Market context
In manufacturing, a fractional increase in efficiency or quality can scale into a decisive competitive edge. Data and scientific research hold the key to these gains; the challenge lies in turning that knowledge into something accessible and actionable.
Client context
The client is a global leader in synthetic diamond and super materials manufacturing, providing abrasives, tools and parts in industries from optics to aerospace. Decades of innovation have produced thousands of research documents dating back to the 1940s, but this knowledge was effectively inaccessible due to the time and effort required to comb it for specific insights. They needed a solution to get value out of this rich mine of research while minimizing the time required to do so.
The solution
The solution, developed in late 2024, was a Knowledge Management tool, consisting of a web chat application using a Retrieval Augmented Generation (RAG) model which users could chat with to answer questions using the Research and Development (R&D) repository as its knowledge base. Users could ask follow-up questions to enrich their understanding of research topics while giving them confidence that the information is grounded in verified research documents.
The back end of the solution would run entirely on the company’s data platform in Databricks, using Mosaic AI tools to build and serve the model to the front-end application.
Solution architecture
The architecture of the Knowledge Management tool includes an automated ingestion pipeline. This regularly scans the R&D SharePoint repository for new and updated documents, ingesting them into the Databricks Lakehouse before extracting and formatting the text and tables and storing them in a Databricks Vector Search Index for semantic retrieval by the model.

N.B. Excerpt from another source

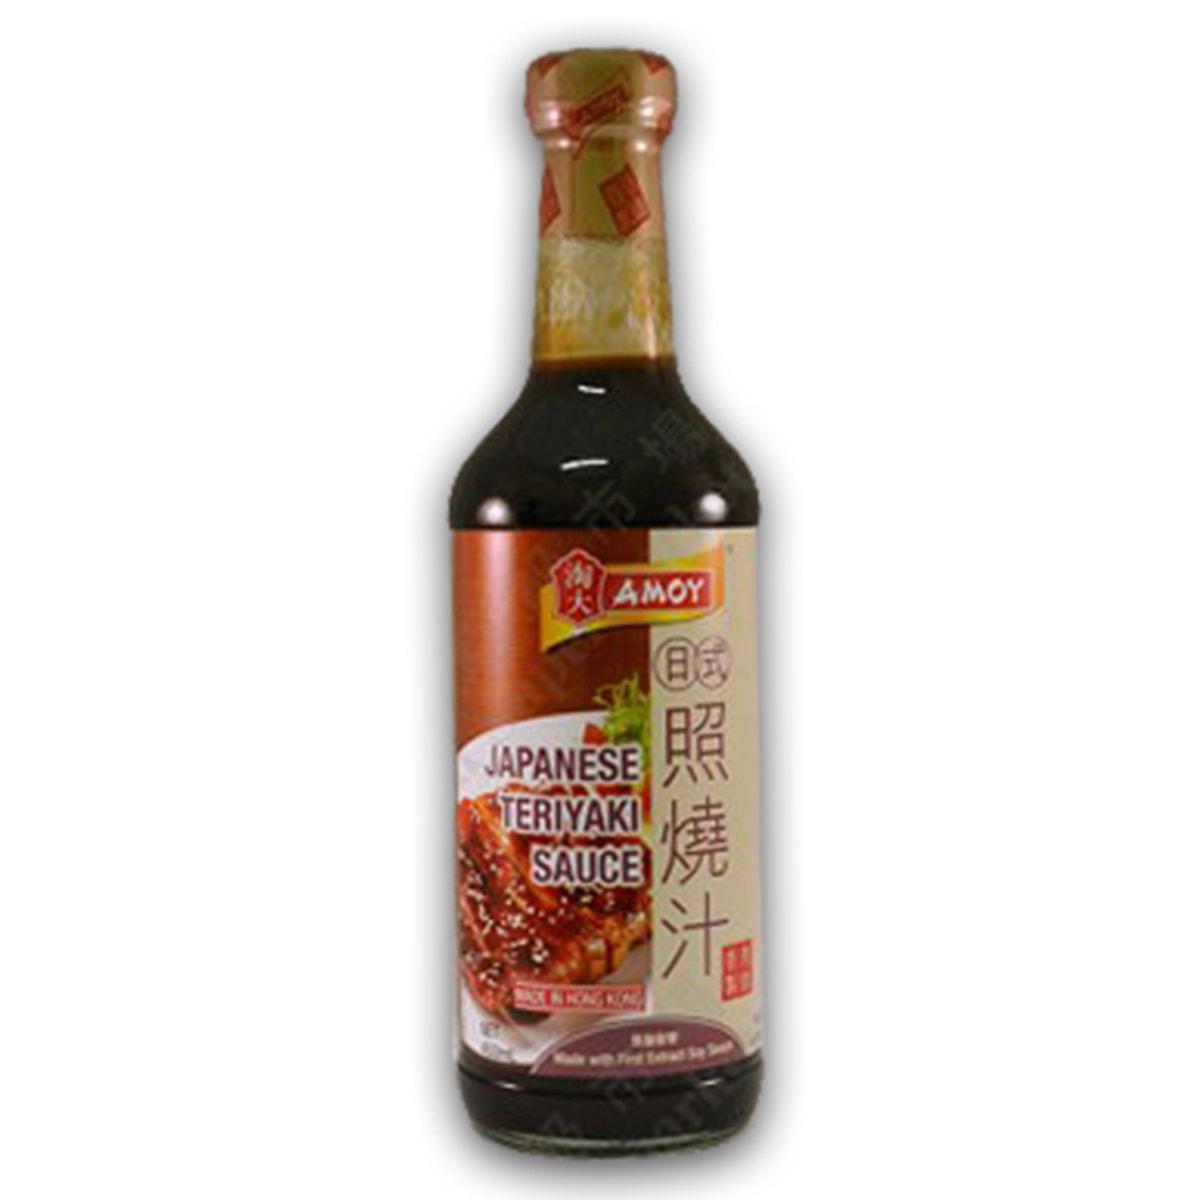 Buy Amoy Japanese Teriyaki Sauce - 450 ml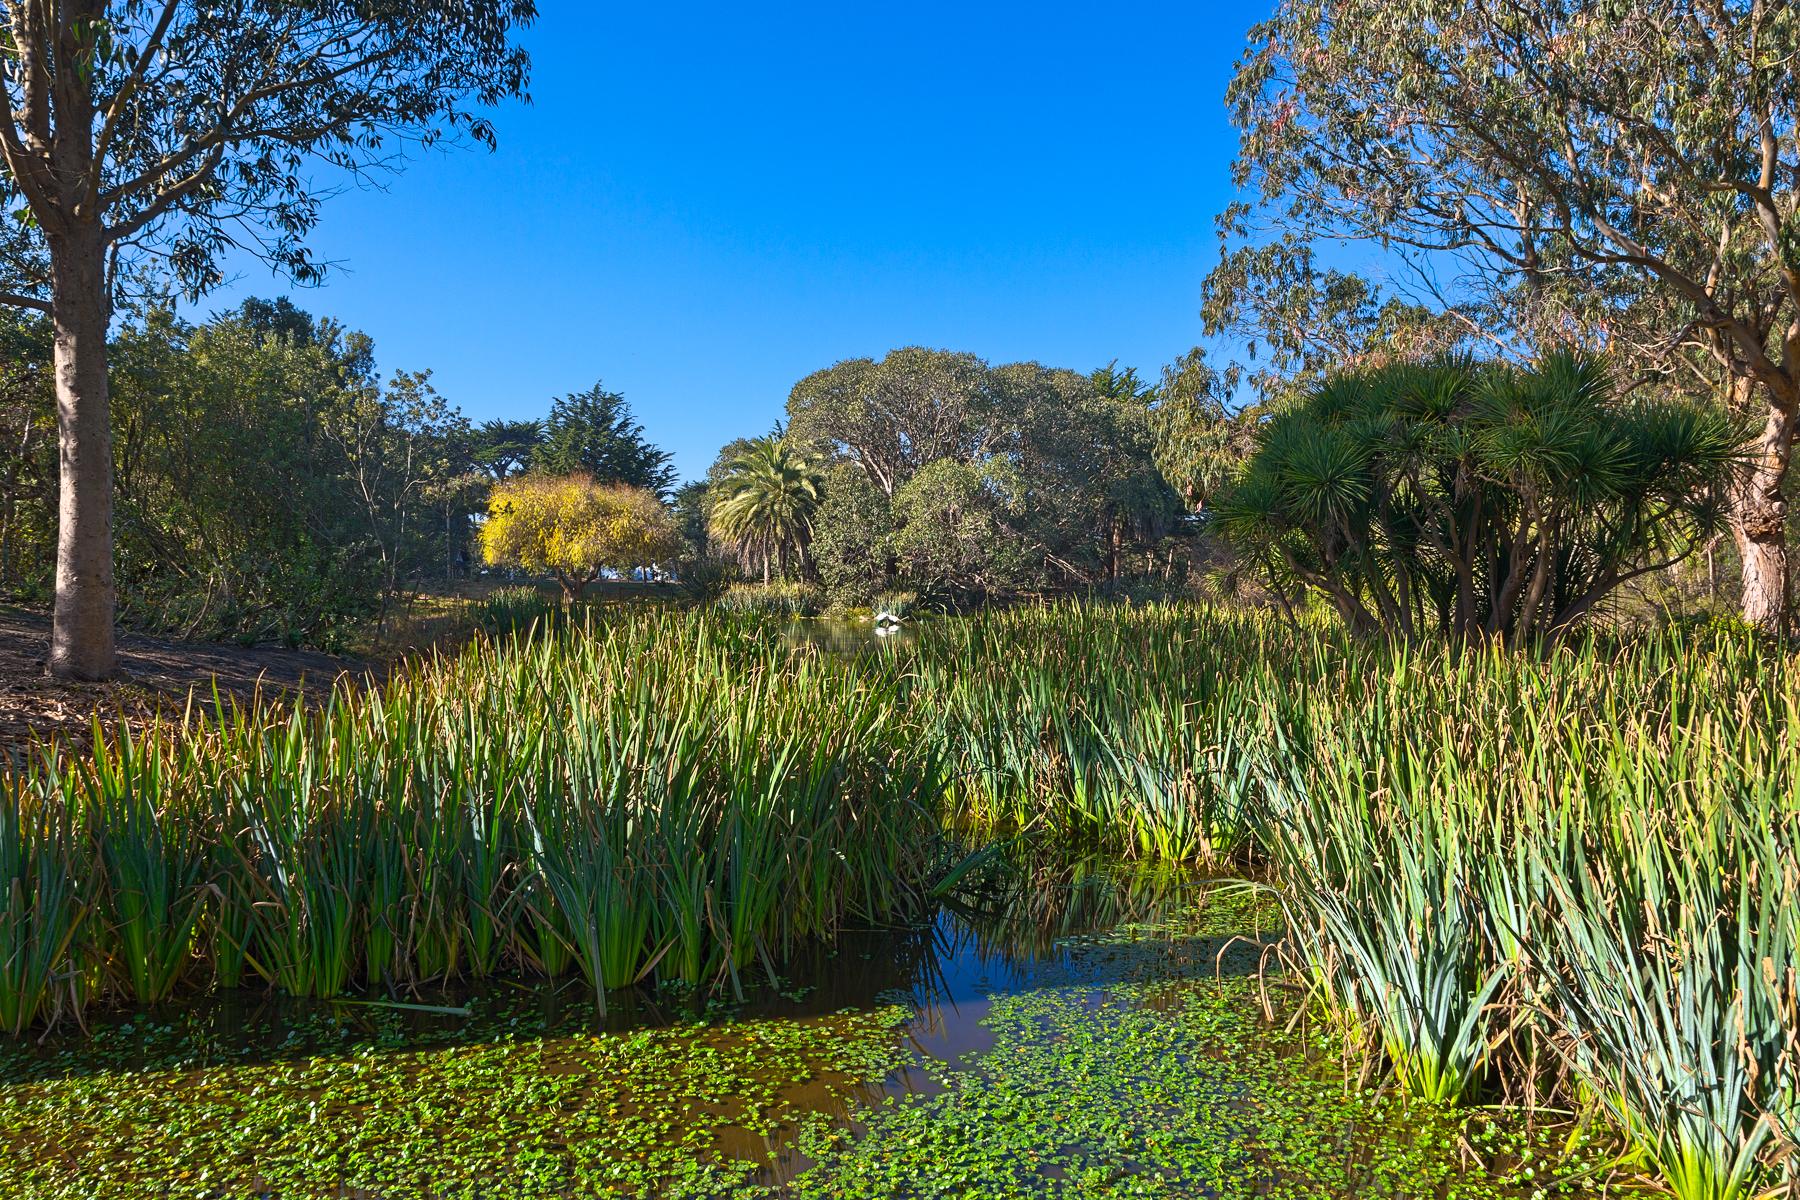 Zoo Marsh Scenery - HDR, America, Serene, Tourism, Swamp, HQ Photo

The RAG model itself was built using LangChain and Llama 3.3 70b and hosted on Mosaic AI Foundation Model Serving. A user’s query and chat history are passed to the model as an input, with the chat history used to contextualize the query so that it can be understood as a standalone question. The rephrased question and any hard filters, such as the date of publication, are passed to the document retriever. This queries the Vector Search Index to find relevant documents for the RAG model to use as the basis of its response to the user. The context provided by the retriever, and the original user question and chat history, are passed to the model, which generates the final response to the user’s question.
A single data platform
One of Thorogood’s operating principles is to use the right technology for every business case. The team used Databricks and Mosaic AI to build, test, and deploy the solution within one secure, unified environment. Data storage, vector indexing, model development, custom model serving, and evaluation remained inside the Databricks platform, avoiding the complexity of stitching together external services for hosting, security, or retrieval infrastructure. This centralization significantly reduced development time and made governance, privacy, and scalability far easier to manage.
Mosaic AI added semantic vector search, as well as foundation and custom model serving, all running natively within the platform. This enabled fast experimentation through tools like MLflow, easy swapping between supported models, and strict control over sensitive R&D documents without sending data to third-party providers. The result was a streamlined development experience that accelerated delivery of the project while ensuring enterprise-grade security and flexibility.
Adoption, the right way
Any tool is only effective if people find that it allows them to do something they couldn’t do before, or if it increases the efficiency of an existing process. Crucially, the tool must provide useful and correct results that users trust.
The Thorogood team developed the tool in an iterative manner to address these objectives. By getting to a working prototype of the Knowledge Management tool as early as possible and involving users in feedback sessions, the team was able to identify problems with outputs early in the development process to improve responses and build user trust.
The results
The tool dramatically reduced the time required to find and connect relevant insights, while increasing confidence through traceable, source‑backed answers drawn directly from our research corpus. Overall, the project transformed how scientific knowledge is accessed and reused, turning decades of archived expertise into a living, decision‑ready asset for the organization.
– Head of Data & AI
The project was widely adopted by the R&D team, and users appreciated the natural language interface and the veracity of the generated responses. It proved useful not only for this department, but potentially for employees in other arms of the business who needed to ask questions and leverage the repository quickly. The Knowledge Management tool unlocked decades of research for this manufacturer, allowing them to make use of a store of knowledge and insight that was previously inaccessible.